Who controls the MCP specification and prevents vendor takeover?
The MCP Steering Committee governs the protocol with 9 core maintainers, 58 supporting maintainers, and 2,900+ community contributors. The Spec Enhancement Proposal (SEP) process enables collaborative evolution, with 17 proposals processed in the first quarter. Multi-stakeholder control reduces the risk of Anthropic making unilateral changes. The protocol specifications are openly licensed, so the community can fork them if needed.
Is MCP secure enough for enterprise production deployments?
Yes, especially with the June 2025 spec update classifying MCP servers as OAuth 2.0 resource servers. This lets enterprise identity providers (Auth0, Okta, Azure AD) manage authentication using infrastructure you’ve already got. The November 2025 spec introduced Client ID Metadata Documents for dynamic client registration. MCP gateways provide governance and observability for production environments.

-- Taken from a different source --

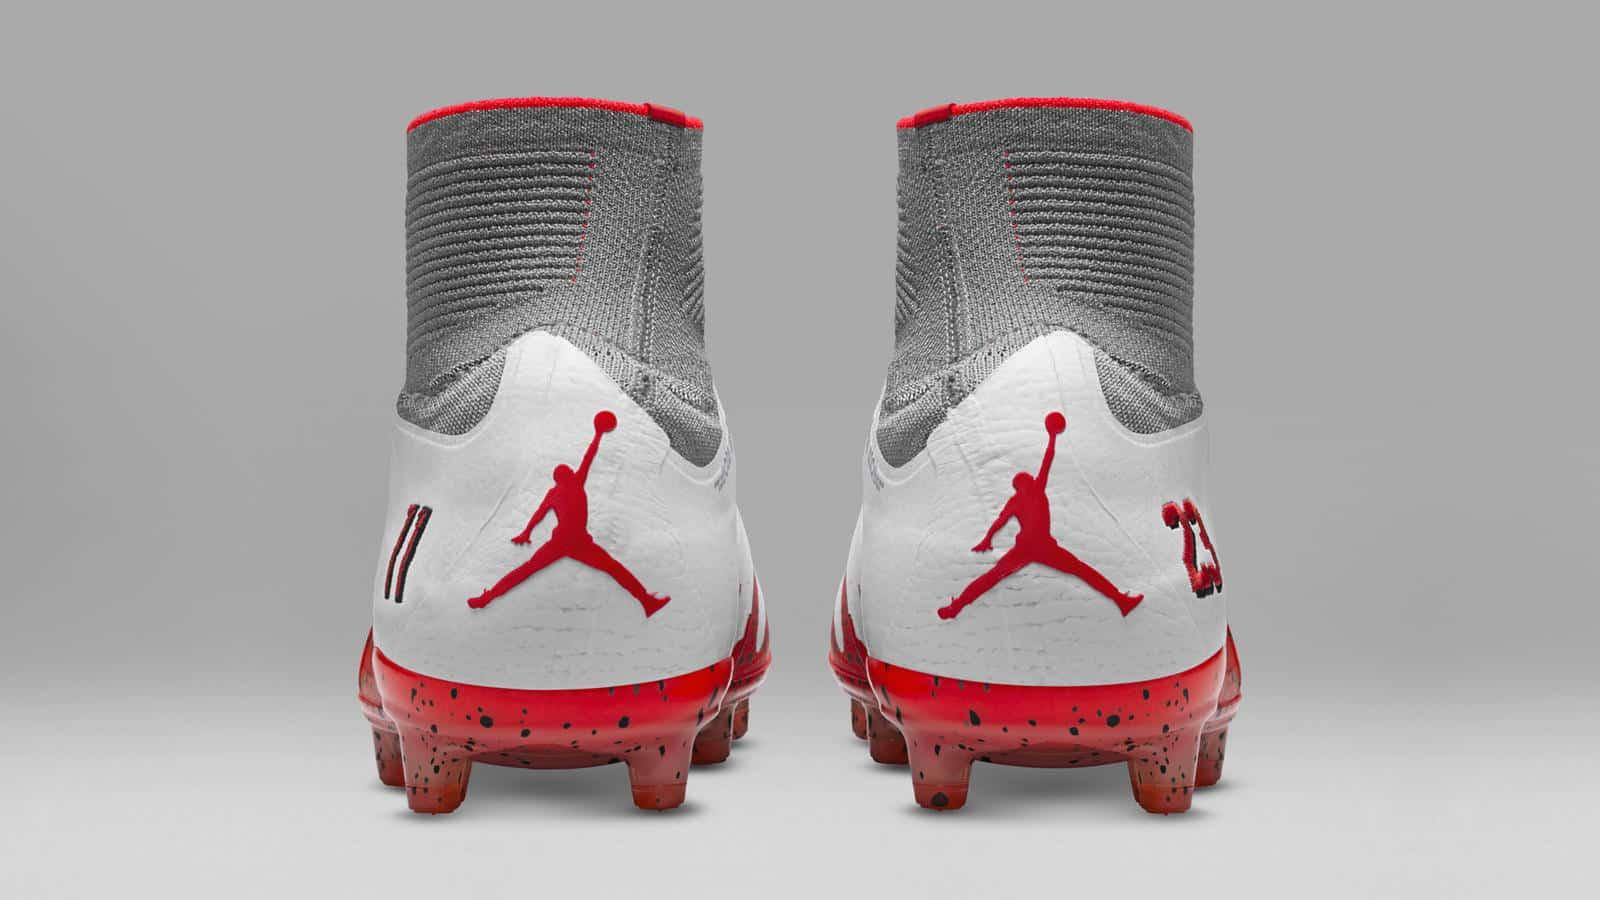 chaussure-foot-nike-hypervenom-neymar-jordan-blanc-octobre-2016-5

How many MCP servers are available in the registry?
The MCP Registry contained nearly 2,000 entries by November 2025, representing 407% growth from the September baseline. Available servers include GitHub for engineering automation, Stripe for payment workflows, Notion for productivity, Hugging Face for model management, Postman for API testing, plus Salesforce servers (Heroku, MuleSoft), AWS servers, and options built by the community.

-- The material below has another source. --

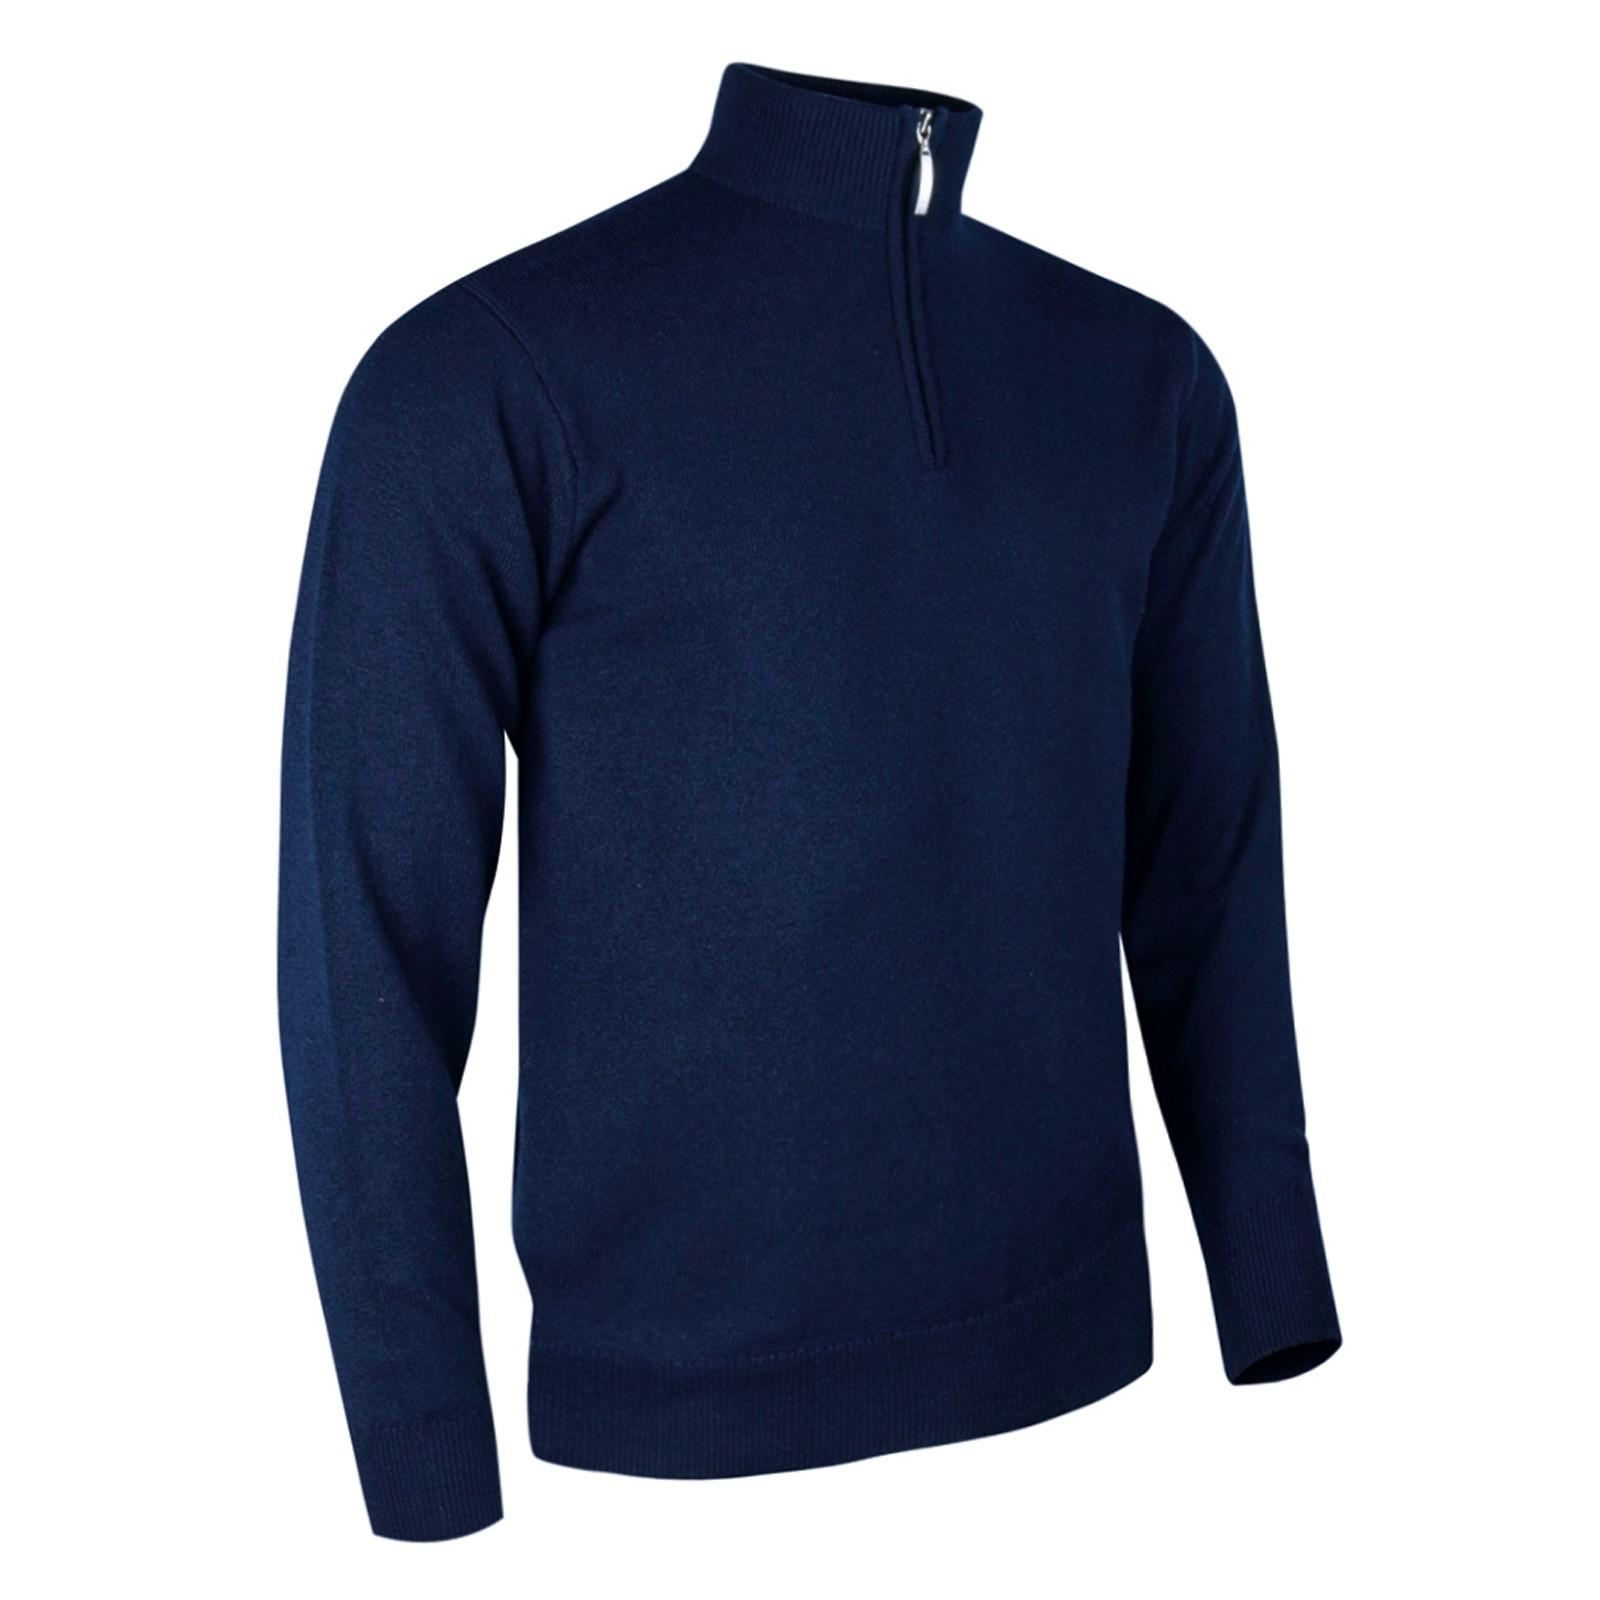 Glenmuir Samuel 1/4 Zip Sweaters

What happened to OpenAI’s ChatGPT Plugins after MCP adoption?
ChatGPT Plugins represented OpenAI’s proprietary integration approach. OpenAI’s March 2025 MCP adoption signals a shift towards the open standard, though legacy plugins may stick around during migration. MCP supersedes the plugin architecture with multi-vendor compatibility. Custom GPTs & Actions currently remain as OpenAI-specific integration methods.
Does MCP work with existing OAuth identity providers?

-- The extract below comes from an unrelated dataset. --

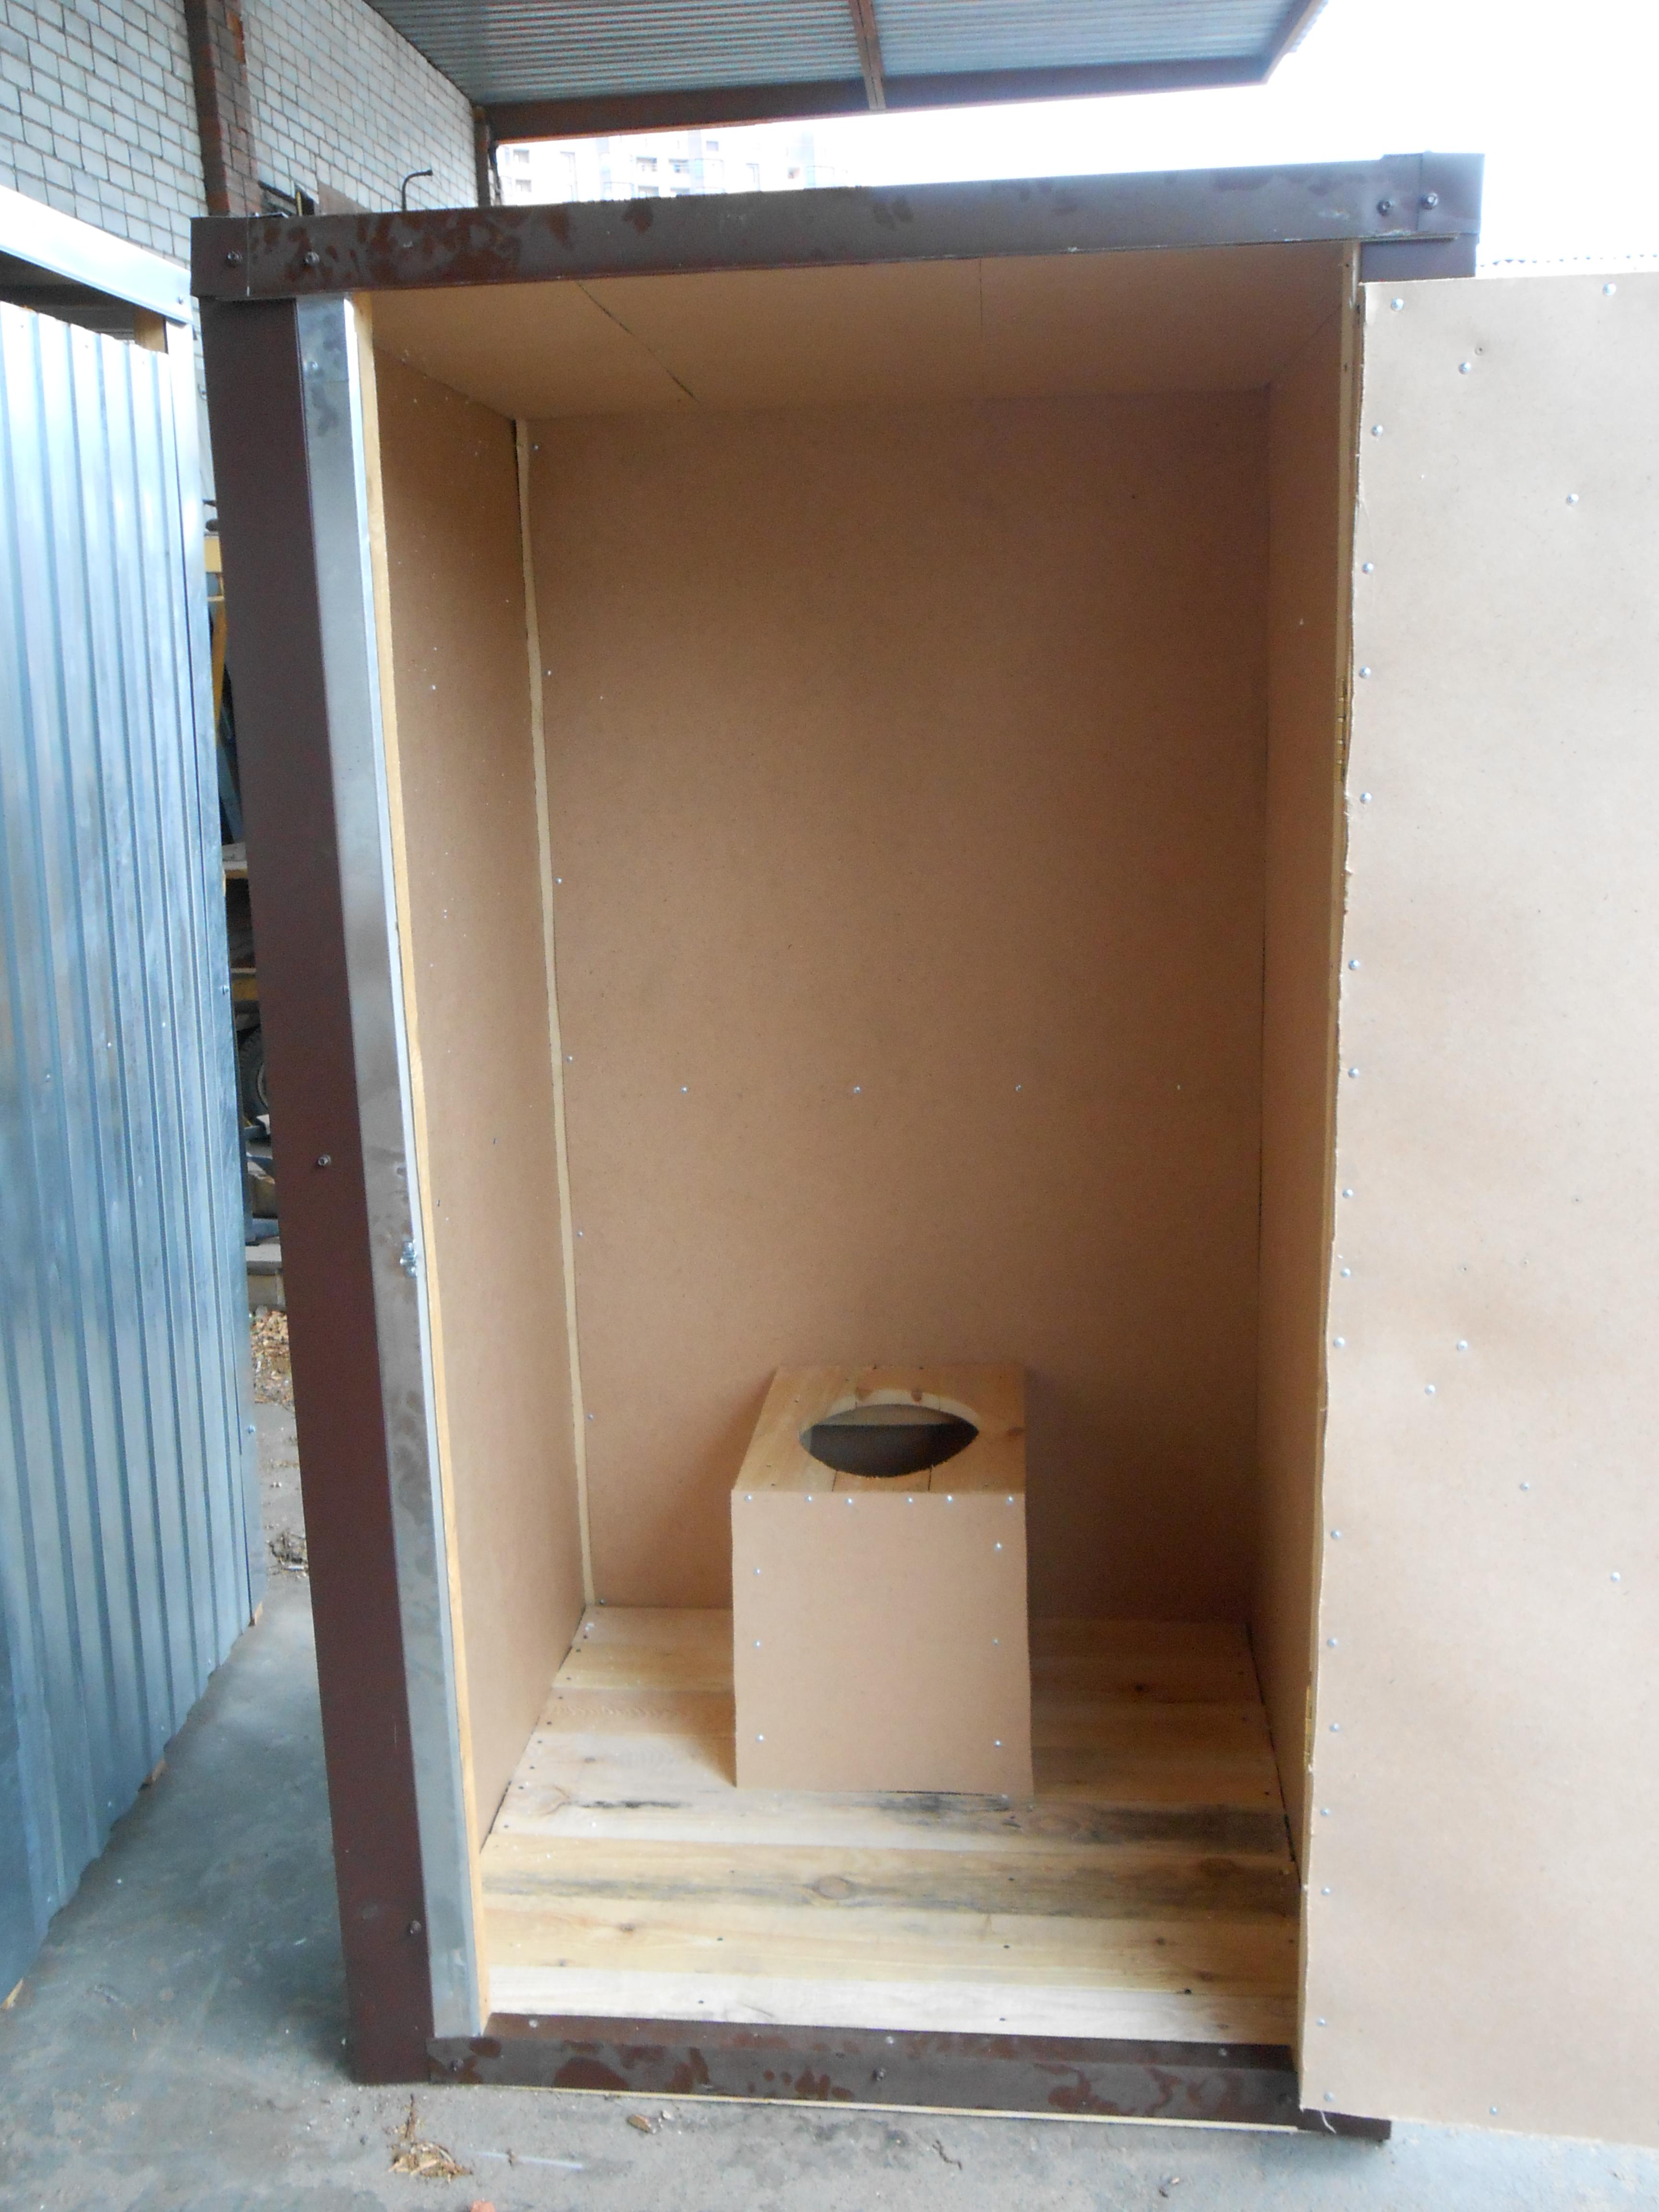 цена дачный туалет воронеж

Yes. The June 2025 spec classified MCP servers as OAuth 2.0 resource servers, enabling integration with Auth0, Okta, Azure Active Directory, and other enterprise identity providers. Organisations use existing authentication infrastructure without building new identity systems. MCP uses OAuth 2.1 as the default authorisation approach.
What is the cost reduction from using MCP vs proprietary integrations?
For organisations integrating with multiple AI platforms, MCP cuts development costs substantially. Instead of N platforms times M tools (4 platforms × 50 tools = 200 custom implementations), MCP requires building 50 servers plus 4 clients (54 implementations total). Companies using MCP servers report decreased complexity in managing tool integrations and fewer errors.
Can organisations build private MCP servers or must they use the public registry?
Organisations can build private MCP servers using Anthropic’s SDKs without submitting to the registry. The registry provides discovery for public servers but it’s not required. Enterprise deployments often use internal servers for proprietary data and tools, with MCP gateways handling governance. The registry supports enterprises adopting their own registries with self-managed governance controls.
What is the MCP gateway pattern for enterprise governance?
MCP gateways sit between clients and servers, providing centralised observability and governance. Features include team provisioning, security policies (rate limits, allowed servers), audit logging, identity management, JWT token validation, security headers, protocol version transformation, and caching. Tools like MCP Manager and Cloudflare’s MCP Server Portals handle production monitoring and compliance requirements.
How does MCP handle authentication for remote servers?
MCP supports multiple transports. Stdio for local-only communication is inherently secure. HTTP with Server-Sent Events for remote servers requires OAuth 2.0 plus TLS encryption. OAuth resource server classification enables granular permissions per server and tool with token-based authentication. Servers implement Protected Resource Metadata endpoints and token validation middleware for security.